Process-global coexistence hazards
- The NVIDIA driver may refuse a fresh EGL context after Vulkan-WSI has loaded in the same process — create the GL context first and have the renderer reuse it.
- OpenGL binds one context per thread implicitly (unlike explicit Metal/Vulkan handles): own GL on a dedicated worker thread, serialize all GL calls through it, and never mutate the embedder's main-thread GL state.
Validate as a boundary
- Reproduce with a tiny producer→consumer loop: assert the consumer reads the producer's latest frame with zero CPU copies on the hot path; watch the fd table (growth per frame is the leak signature); and test teardown explicitly — construct, hand off, free in the documented order and the wrong order, under a sanitizer.
Anti-Patterns
- Leaving fd ownership undefined → leak on failure or double-close.
- A DLPack / consumer view with a real (non-no-op) deleter.
- A second reader-side buffer counter instead of deriving from the producer's index.
- Porting external-memory fd plumbing onto a unified-memory backend.
memset over a struct holding ARC/managed GPU handles.
- Destroying producers before consumers; gating a free on a "built" flag.

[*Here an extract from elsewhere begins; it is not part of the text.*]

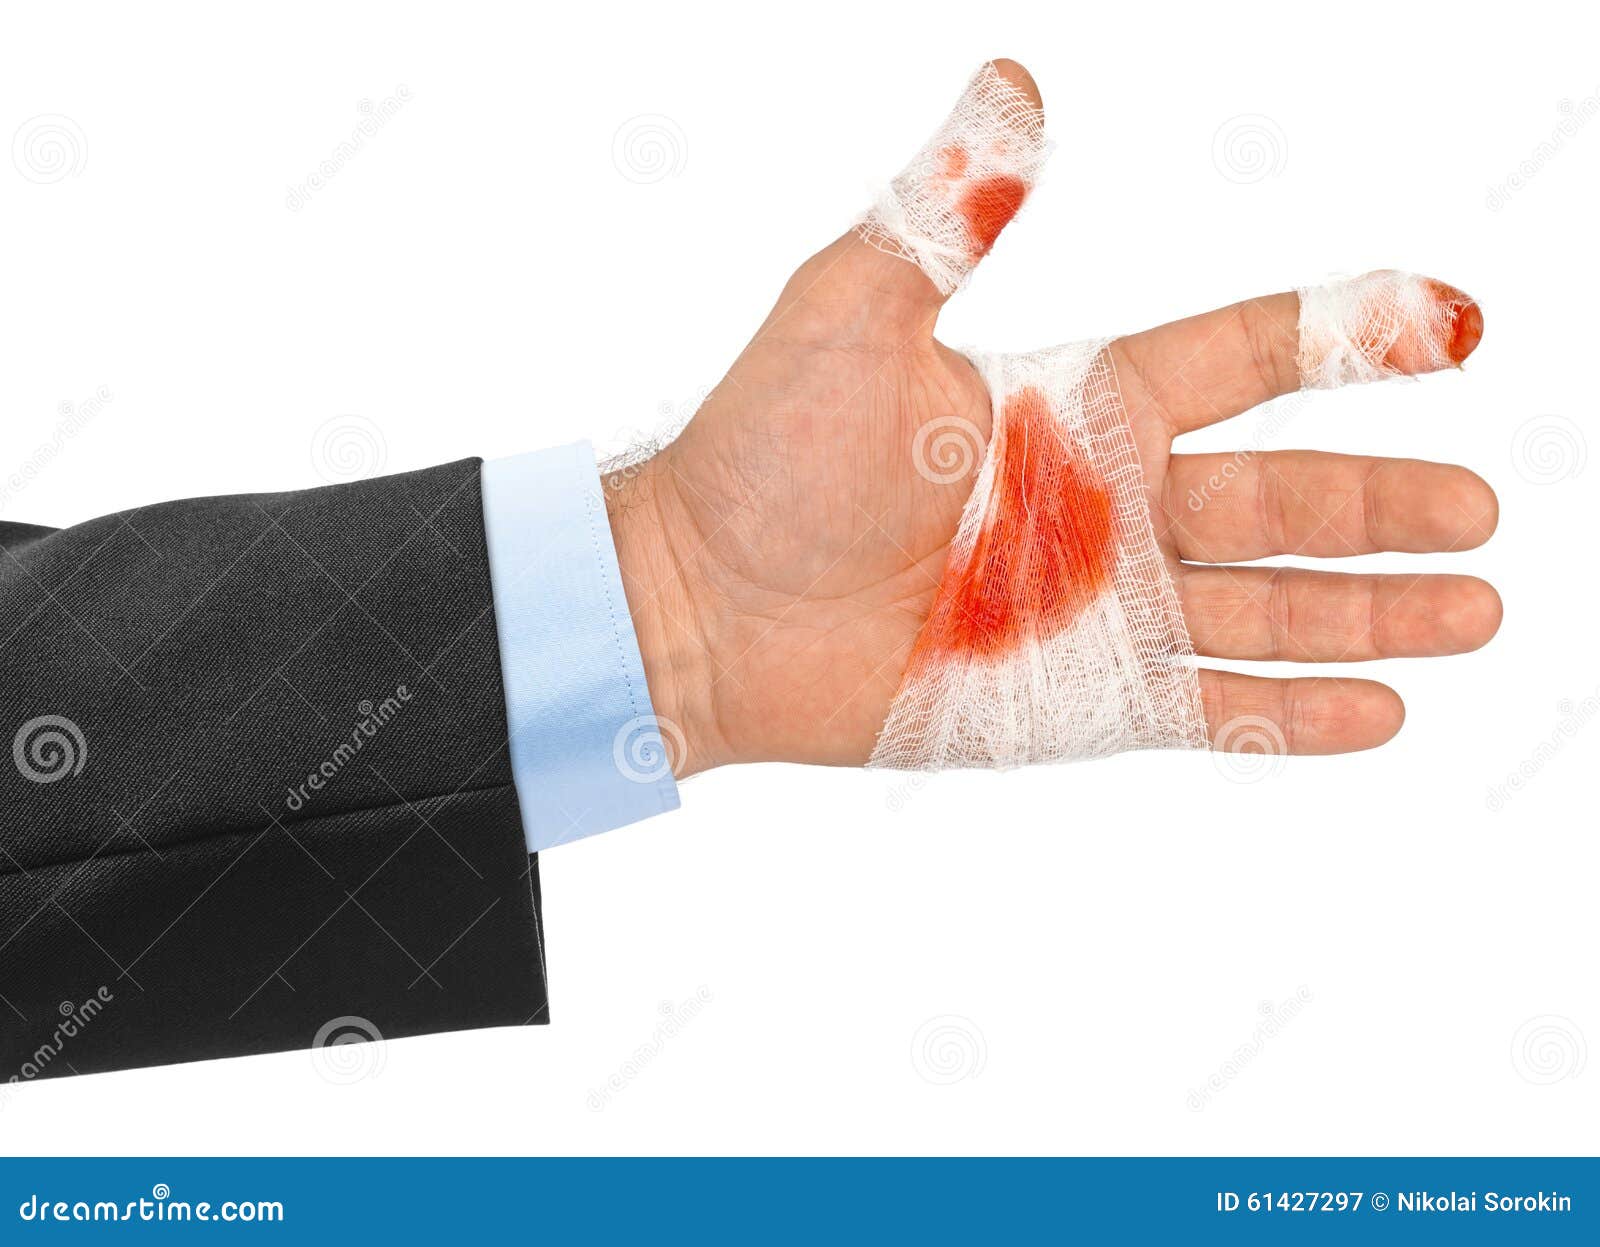 Hand with Blood and Bandage Stock Image - Image of pain, bandaged: 61427297

- A fresh EGL context after Vulkan in-process; touching the embedder's GL state off the worker thread.
Handoff
Report the interop path (which API exports/imports memory + semaphore), the ownership/transfer points and free order, the buffering scheme and any tolerated asymmetry, what runs on the device vs CPU, and the teardown-order + fd-leak evidence. Defer the physics→render contract to renderer-simulation-loop.